“Birbirimizi kandırıyorduk… Öte
yandan, kim, hangi bakan ilgileniyordu konuyla?..”
Bugün yaşadığımız büyük
sıkıntıların temelinde dün yaptığımız yanlışlar var. Geçmişte
yapılan çok küçük ve önemsizmiş gibi görünen hatalar, zamanla
neredeyse çözülmesi mümkün değilmiş gibi görünen sıkıntıya sebep
oluyor. Yazar Ertuğrul Taylan, "Bürokrat Günlüğü" adlı eserinde, 10
Temmuz 1990 günü için, bakınız neler yazmış:
Bir yıl önce Şırnak’tan gelen
Mahalli İdareler Şube Müdürü Celal Bey’e, oradaki durumu sordum.
Belli ki doluydu. Dobra dobra konuştu:
“Savaş, bizim yönümüzden
yitirilmişti. Halk da…”
“Tekrar kazanılamaz mı halk?”
dedim.
“Devlet yoktu ki, halk ona
bağlansın. Kimse terör örgütü aleyhine konuşamazdı. Devlet
taraftarı olarak bilinen yaşayamazdı. Bir yere gidemezdi. Kimse
konuşmazdı onunla.”
Ne acı, ne acı!.. Hele hele
devamını okuyun bir de:
“Alayın, tugayın hemen yanından
ateş açılıyordu. Hem de güpegündüz. Sözde karşılık veriliyordu.

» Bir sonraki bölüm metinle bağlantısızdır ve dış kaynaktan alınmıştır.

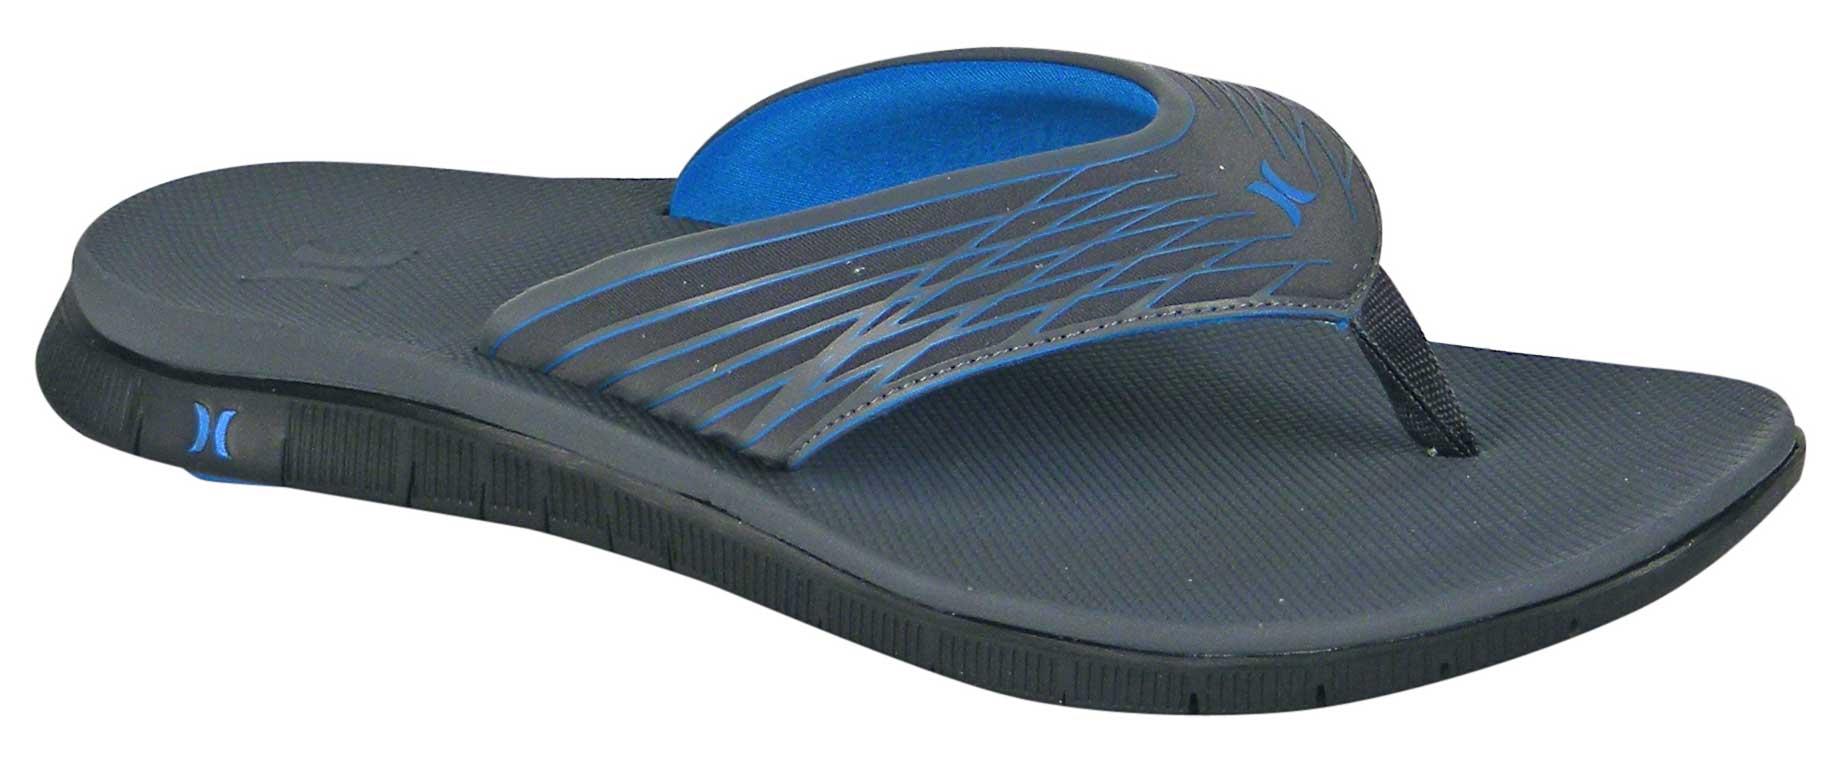 release date 01268 b2f52 Hurley Phantom + Nike Free Technology | Cheryl Tay
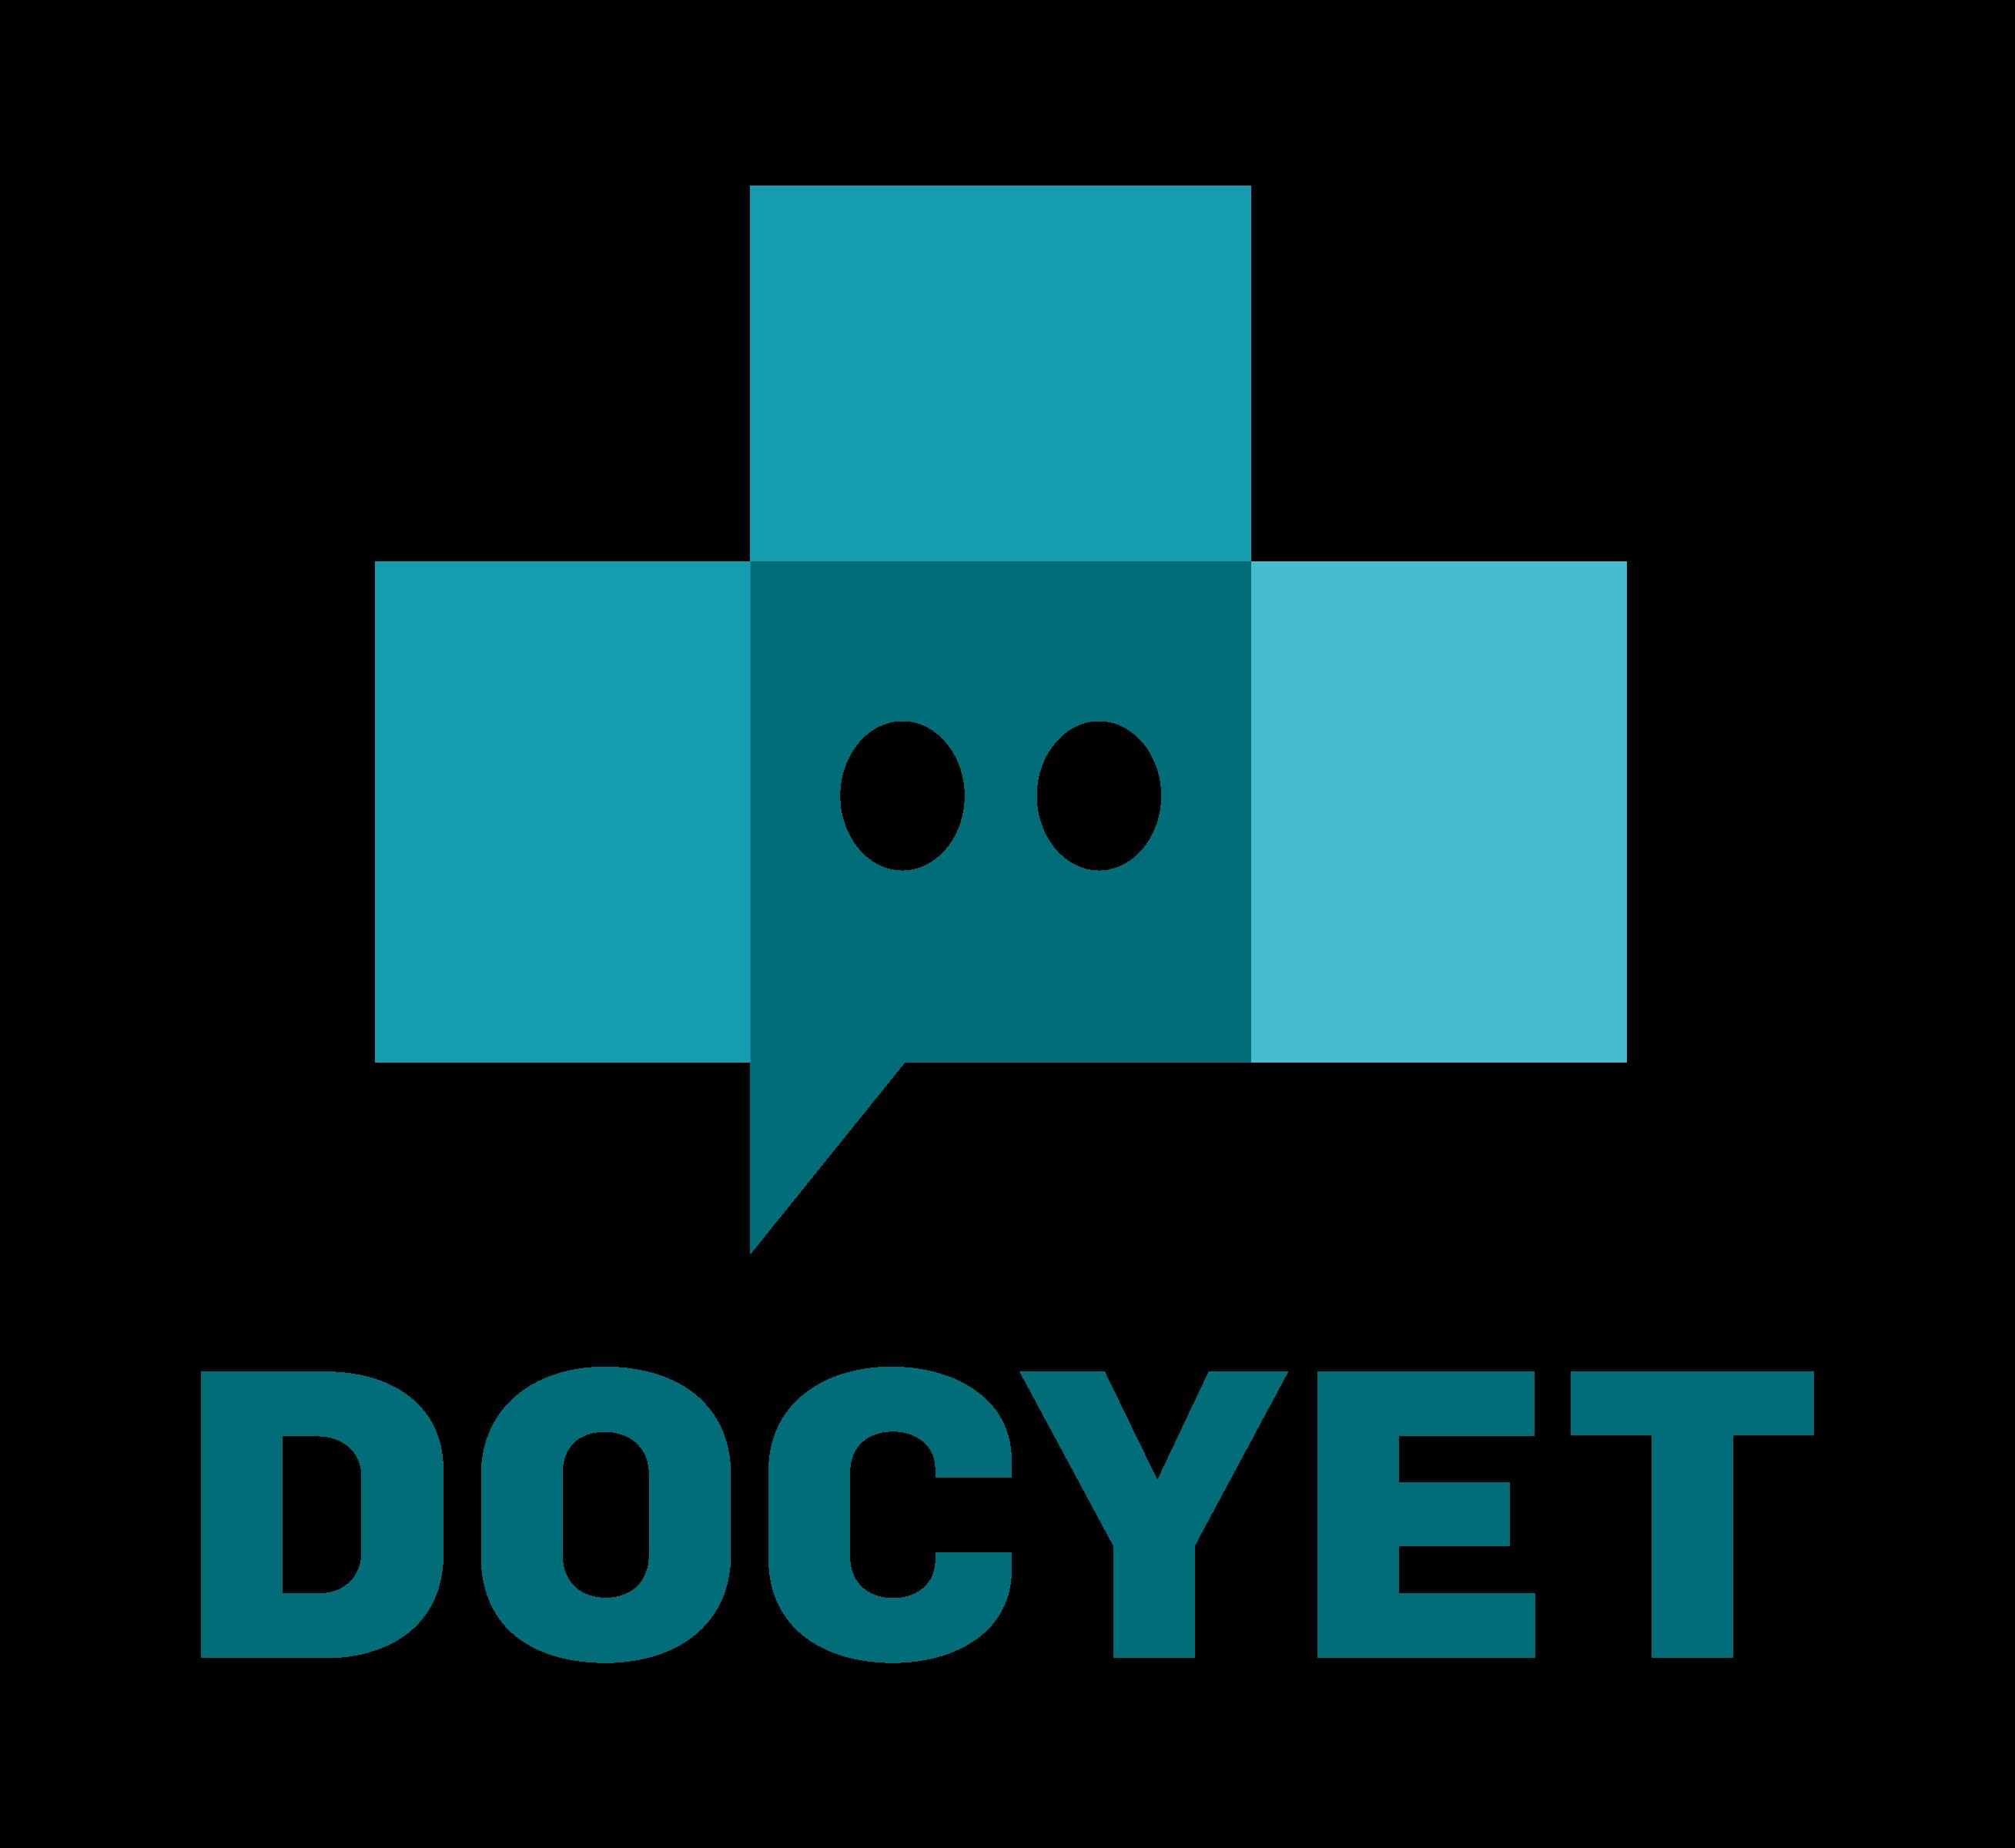 DOCYET UG

(Tam sipere yatmış Mehmetçik havaya ateş ediyordu.) Takip makip
yapılmazdı. Zira “En az zayiatla netice alma” emri, “Hiç zayiat
vermeyeceksin, yani ‘Takibe çıkmayacaksın’ şeklinde yorumlanıyordu.
Birbirimizi kandırıyorduk… Öte yandan, kim, hangi bakan
ilgileniyordu konuyla?”
Görüyorsunuz, değil
mi?
Yıllardır, ülkemizin en önemli
derdi için, geçmişte ne hatalar yapmış, ne uyuşuk
davranmışız!
Güya savunmaktan vazgeçip
saldırıya geçtiğimiz yıllarda, radyo ve televizyonlarımız,
“Genelkurmay Başkanlığından verilen bilgiye göre, bugün üslerinden
havalanan jetlerimiz, sınırı geçerek terör yuvalarını yerle bir
etmiştir” haberini verir, biz de huzura kavuşacak ülke diyerek
biraz olsun rahatlardık.
15 Temmuz darbe girişiminden
sonra öğrendik ki “Evet, jetler gidiyormuş ama FETÖ’ye bağlı
pilotlar, terör hedeflerini değil, rastgele yerleri bombalayıp
dönüyormuş!”
İyi de, o güne kadar, bu gerçeği
bilen, gören, anlayan, hiçbir görevli olmadı mı? Oldu da gerçeği
söylemekten korktu mu? Korktuysa, kimden korktu, niçin
korktu?
Boşa giden onca paraya, onca
emeğe yazık değil mi? Bu jetler, jetlerin yakıtı, bile bile boş
arazilere atılan bombalar bu devletin hazinesinden ödenen paralarla
alınmadı mı? Hazineye nereden geldi bu paralar? Her birimizin
ödediği vergilerden, değil mi?
“Açılan ateşe ateşle karşılık
verdi Mehmetçik. Teröristler kaçtılar” diyordu; devletimizin
resmî kurumları. Biz de doğru sanıyor, inanıyorduk; saf saf!